Severe and Very Severe AA
In medically fit younger patients with a matched related donor, allogeneic HSCT remains the preferred first-line approach. In the absence of a suitable donor, immunosuppressive therapy (IST) with horse antithymocyte globulin, cyclosporine, and eltrombopag remains the standard treatment.
Patients receiving IST require close monitoring and surveillance for evolution toward MDS/AML In older or medically frail patients, treatment emphasizes tolerability and supportive care. Febrile neutropenia constitutes a medical emergency.
Moderate AA
Some patients remain stable with observation alone, whereas others require lower-intensity IST. HSCT is rarely used as first-line therapy in moderate disease but may be considered in younger patients with progressive transfusion dependence or recurrent infections.
A complete response includes transfusion independence, hemoglobin levels above 10 g/dL, and platelet counts exceeding 50,000/µL.
Refractory and Relapsed Settings
Relapse occurs in up to one-third of patients with SAA. A second course of IST can be effective in 55% to 60% of patients, but salvage HSCT may be a more preferable option for relapses or refractory cases.
In a retrospective cohort study conducted by Beatrice Drexler et al., 302 patients were analyzed to assess long-term outcomes after first-line IST or HSCT. IST was used in 75% of patients, while 25% underwent upfront HCT. IST was associated with a cumulative relapse incidence of 24% at 25 years from diagnosis.

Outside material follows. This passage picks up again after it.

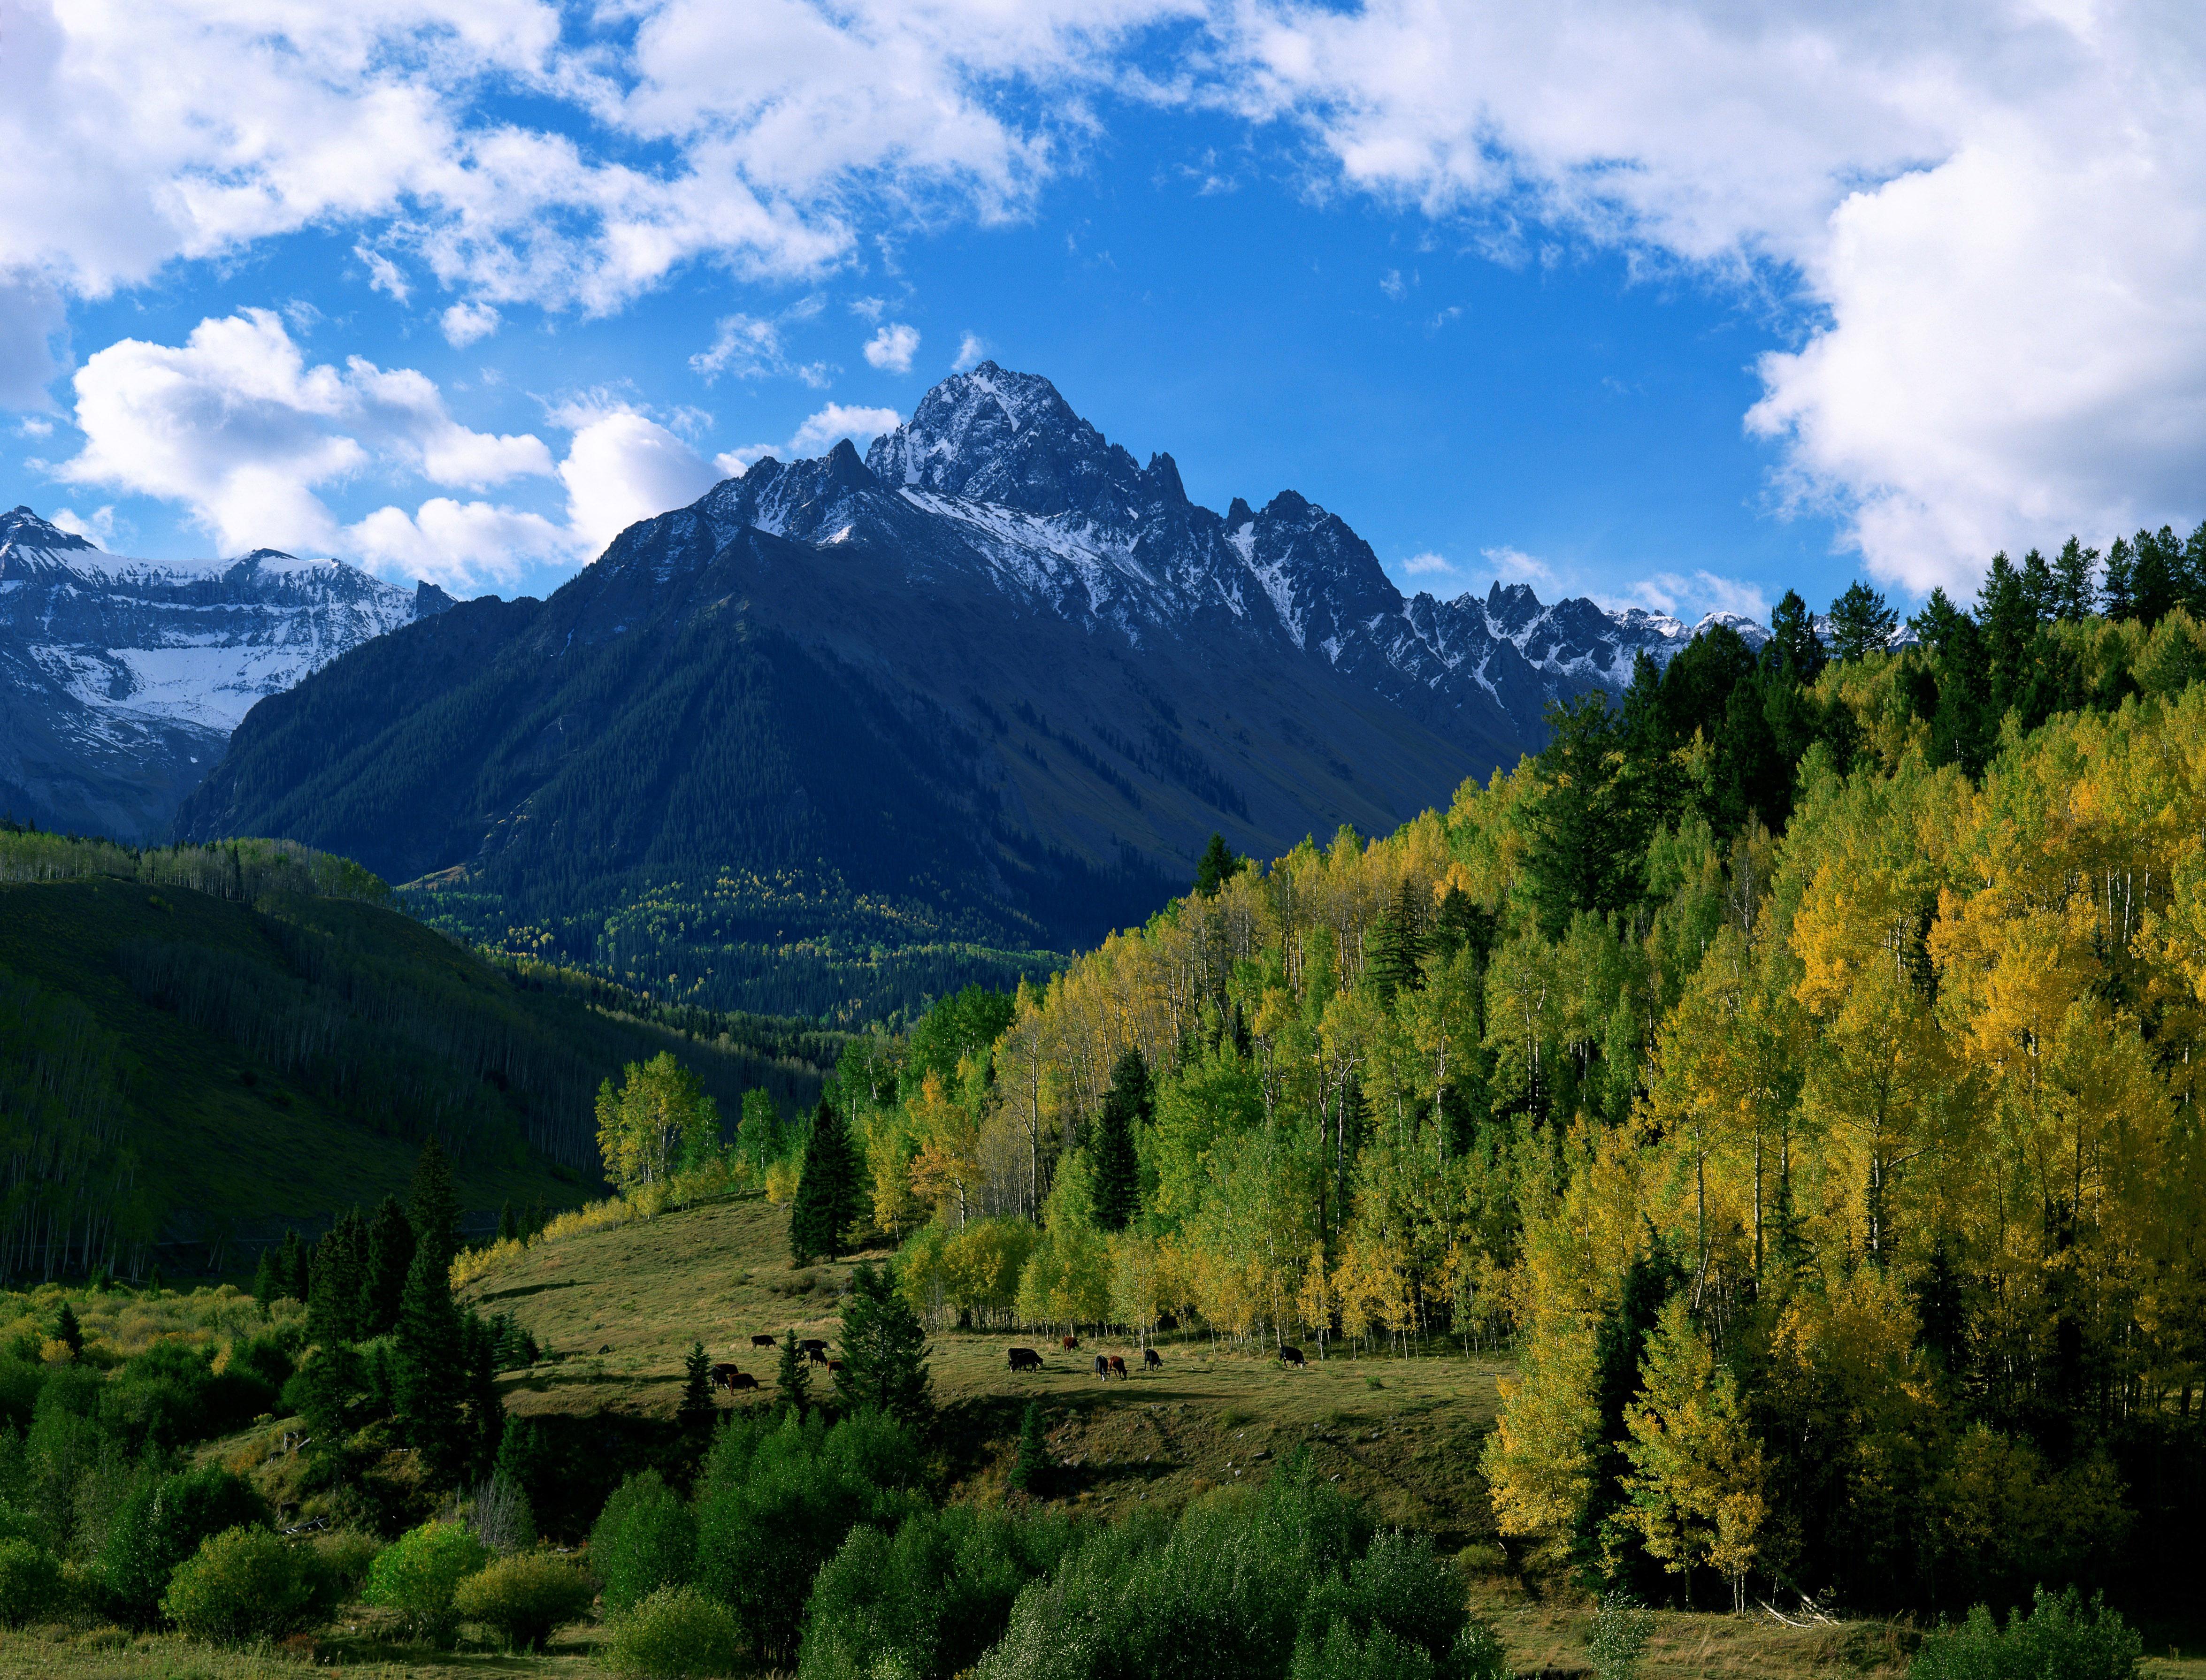 горы, лес, деревья бесплатно

IST was associated with higher rates of iron overload (18.1% vs. 3.9%) and cardiovascular events (10.6% vs. 1.3%), while HCT carried risks of graft failure and GVHD. Secondary malignancies occurred at similar rates. Overall, the study highlights the trade-off between the early toxicity but curative potential of transplantation and the chronic relapse- and complication-prone course following IST.
You can also read: Clones and Clonality: Darwinian Natural Selection at the Cellular Level
FAQ
Can aplastic anemia turn into leukemia?
Yes. Although AA is initially a nonmalignant marrow failure disorder, a subset of patients may later develop myelodysplastic neoplasms (MDS) or acute myeloid leukemia (AML), particularly after long-standing disease or clonal evolution involving abnormalities such as monosomy 7.

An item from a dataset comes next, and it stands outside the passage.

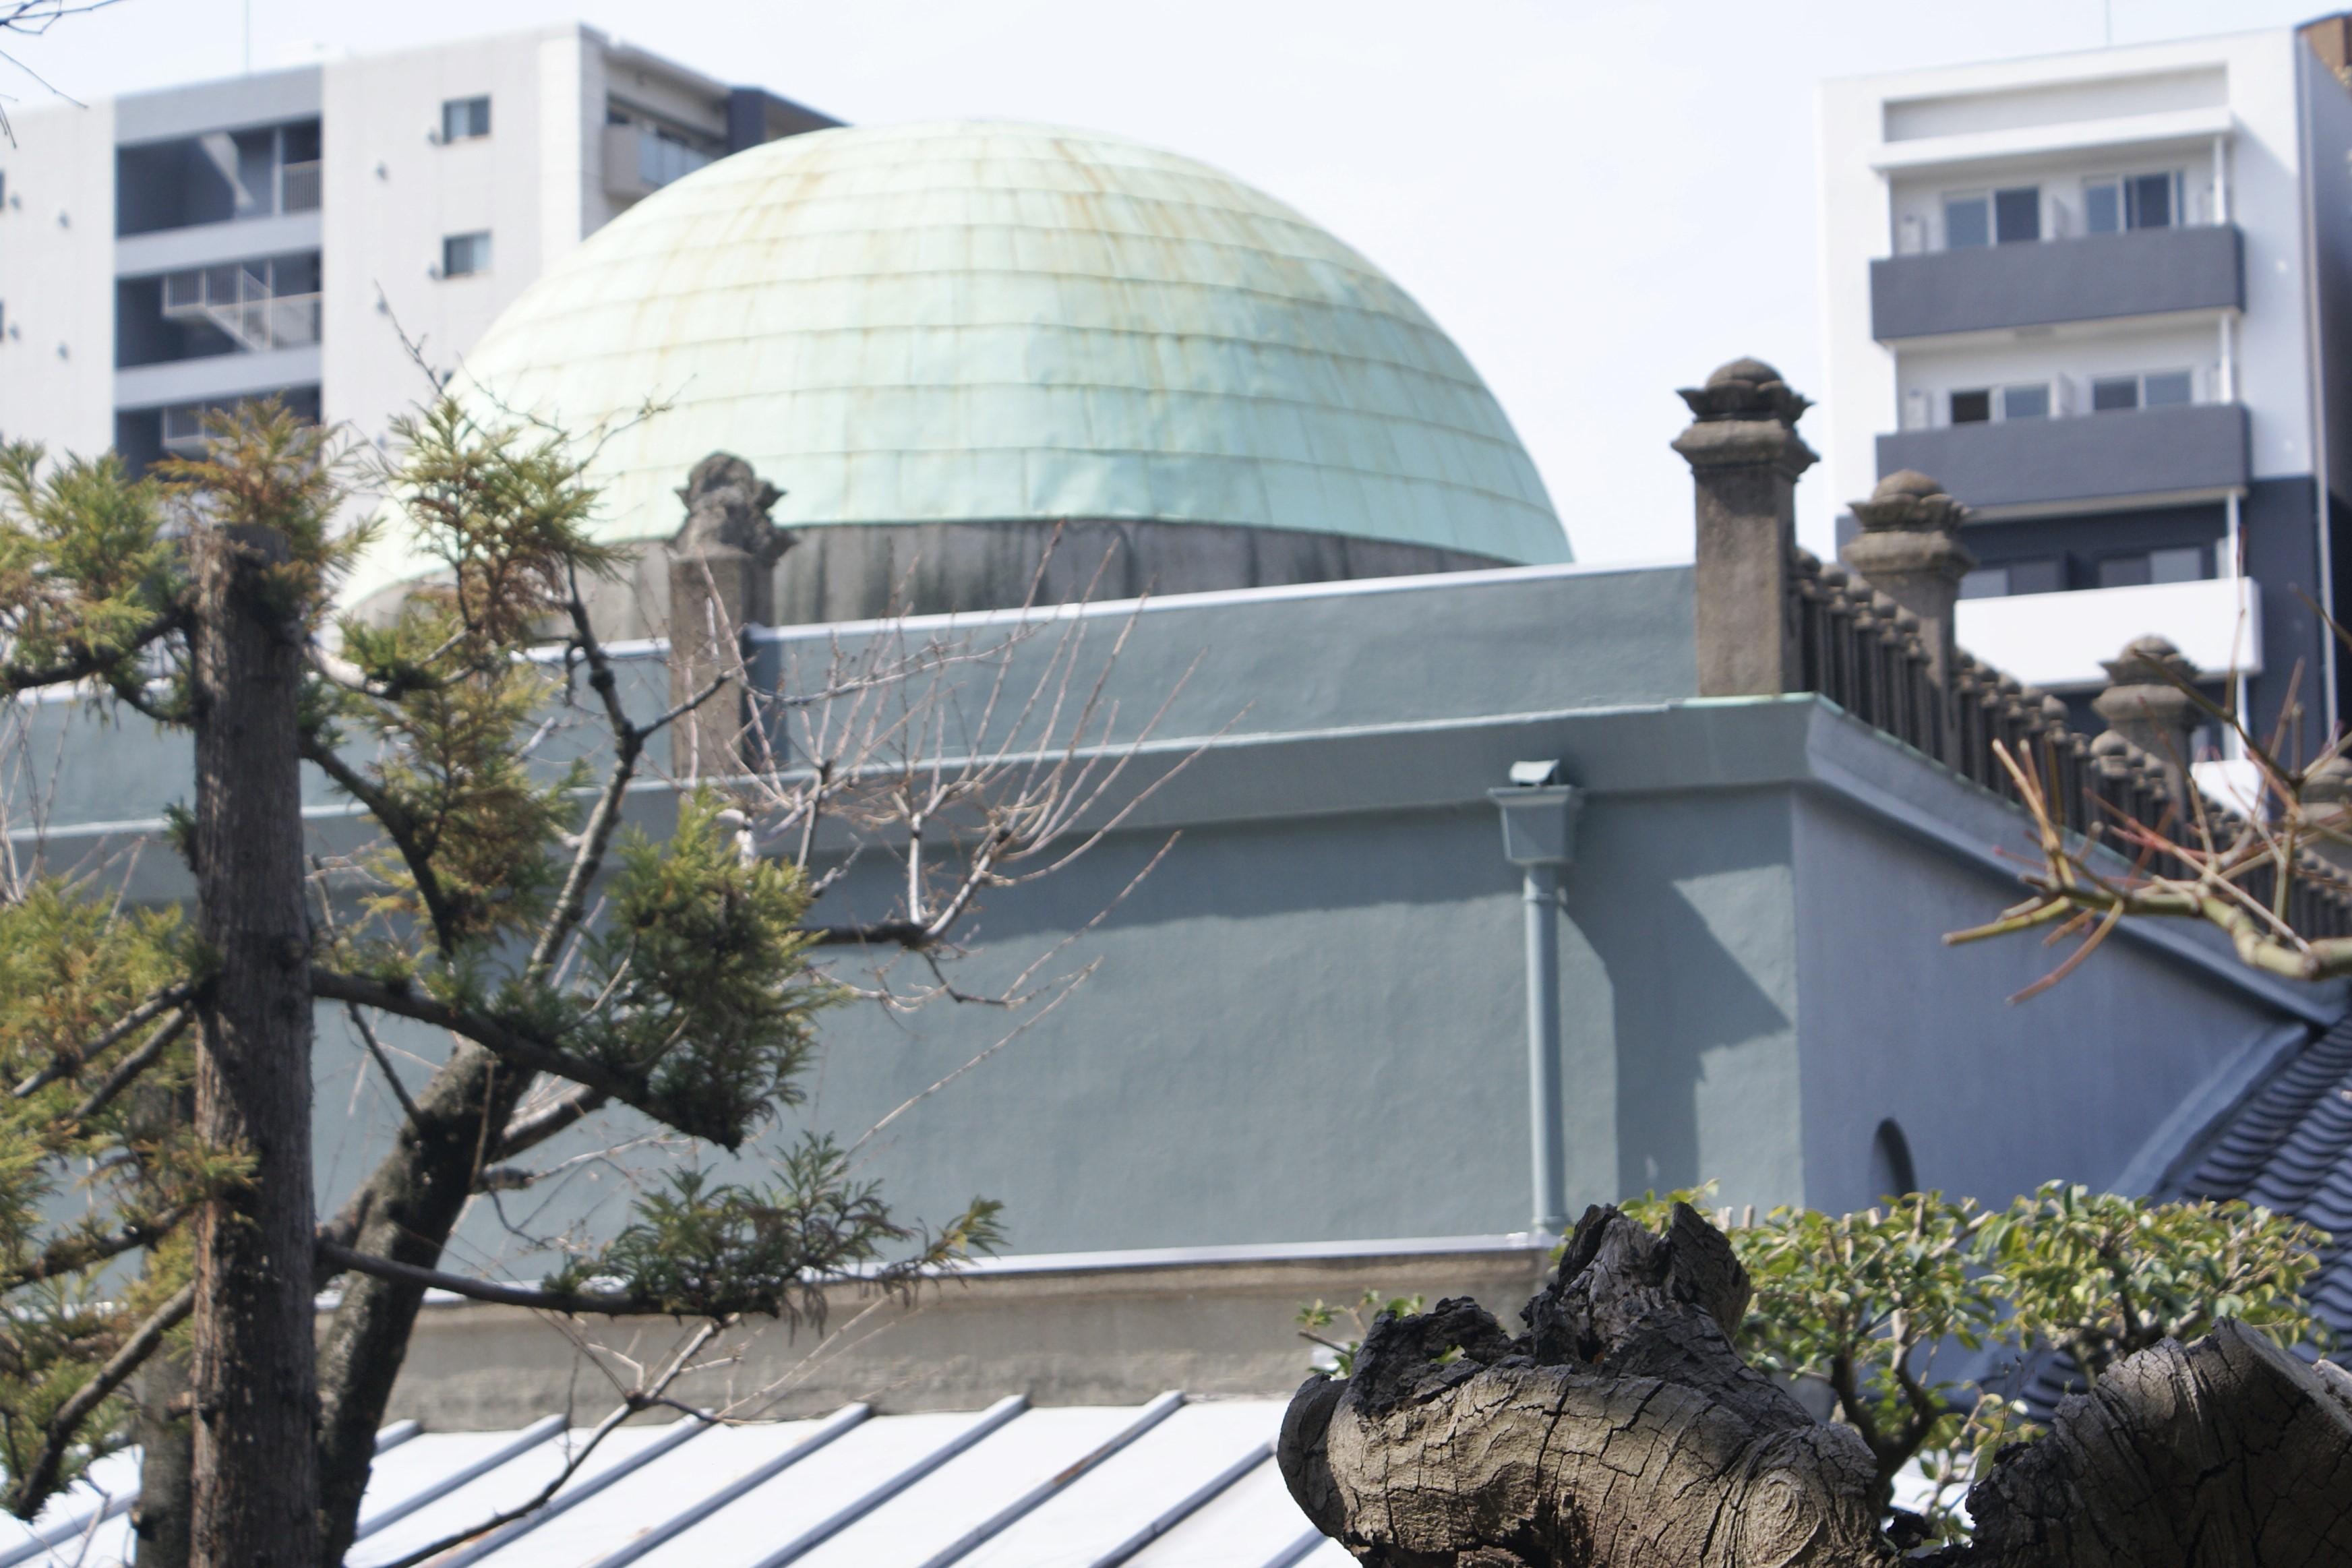 <p>背面から見るドーム屋根</p>ドームとパラペットの宝珠柱風手摺子が見える。

Is aplastic anemia considered an autoimmune disease?
In many acquired cases, yes. Autoreactive T cells suppress hematopoietic stem cells and contribute to marrow failure, which explains why immunosuppressive therapies can be highly effective in selected patients.

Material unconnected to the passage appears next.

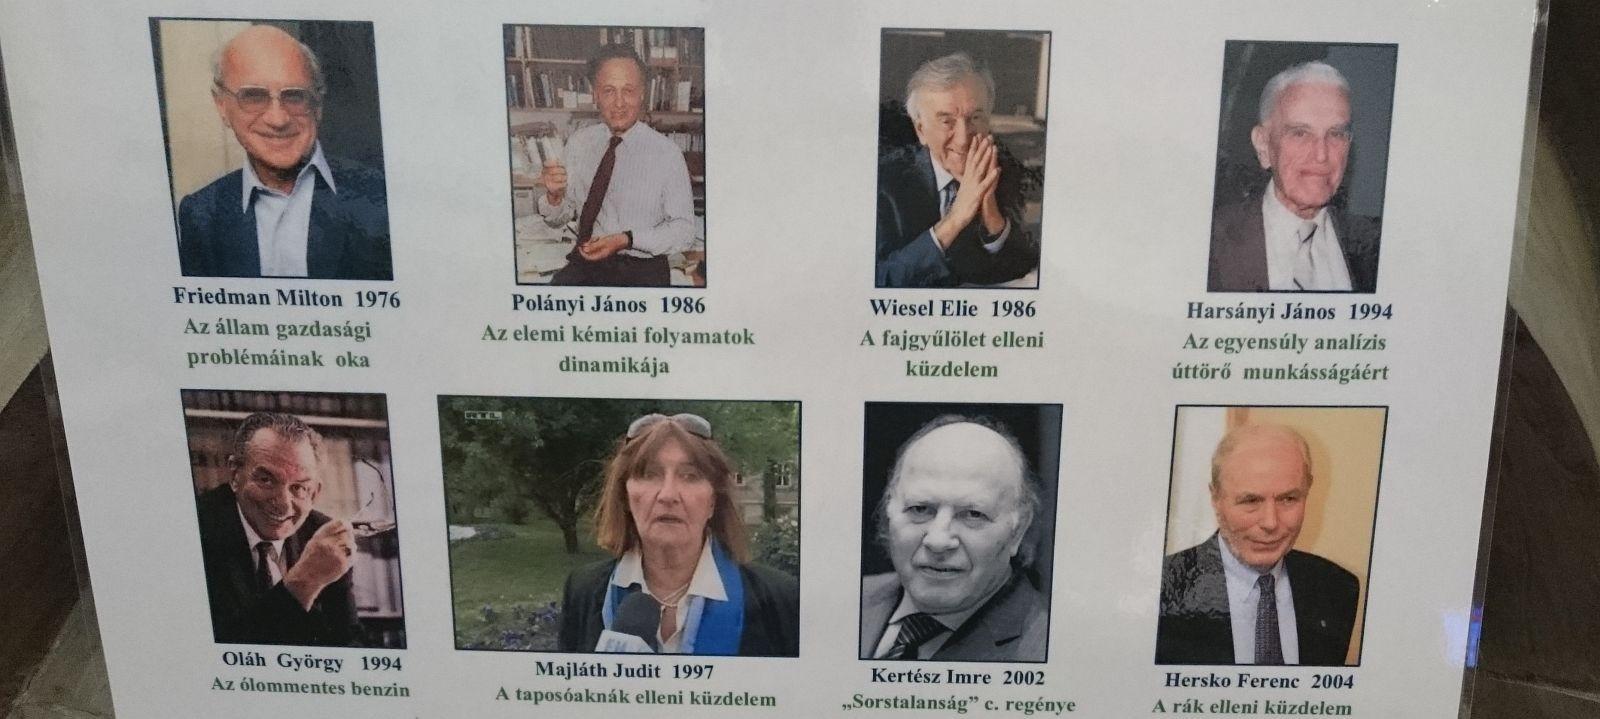 Magyarországon született tudósok előtt tiszteleg Székesfehérvár

What makes hypocellular MDS difficult to distinguish from aplastic anemia?
Both disorders may present with pancytopenia and hypocellular marrow. Features such as dysplasia, increased blasts, ring sideroblasts, cytogenetic abnormalities, or somatic mutations generally favor MDS, although overlap between the two entities is increasingly recognized.
Can COVID-19 trigger aplastic anemia?
Rare cases of AA have been reported after COVID-19 infection, likely related to immune dysregulation and abnormal immune activation. However, this remains uncommon and the exact mechanisms are still being investigated.
Are somatic mutations always a sign of leukemia in aplastic anemia?
Not necessarily. Clonal hematopoiesis is common in AA and some mutations may remain stable for years without progression to overt malignancy. Their clinical significance depends on the specific mutation, clone size, and evolutionary dynamics over time.
Can aplastic anemia remain stable without treatment?
Yes. Some patients, particularly those with moderate AA, may remain clinically stable for years with careful monitoring alone. Others gradually progress, develop transfusion dependence, or evolve clonally over time, making long-term surveillance essential even in seemingly indolent disease.
Could future therapies for aplastic anemia become more targeted?
Potentially. Increasing understanding of immune signaling, clonal selection, telomere biology, and marrow microenvironment interactions may eventually allow more personalized approaches beyond broad immunosuppression alone.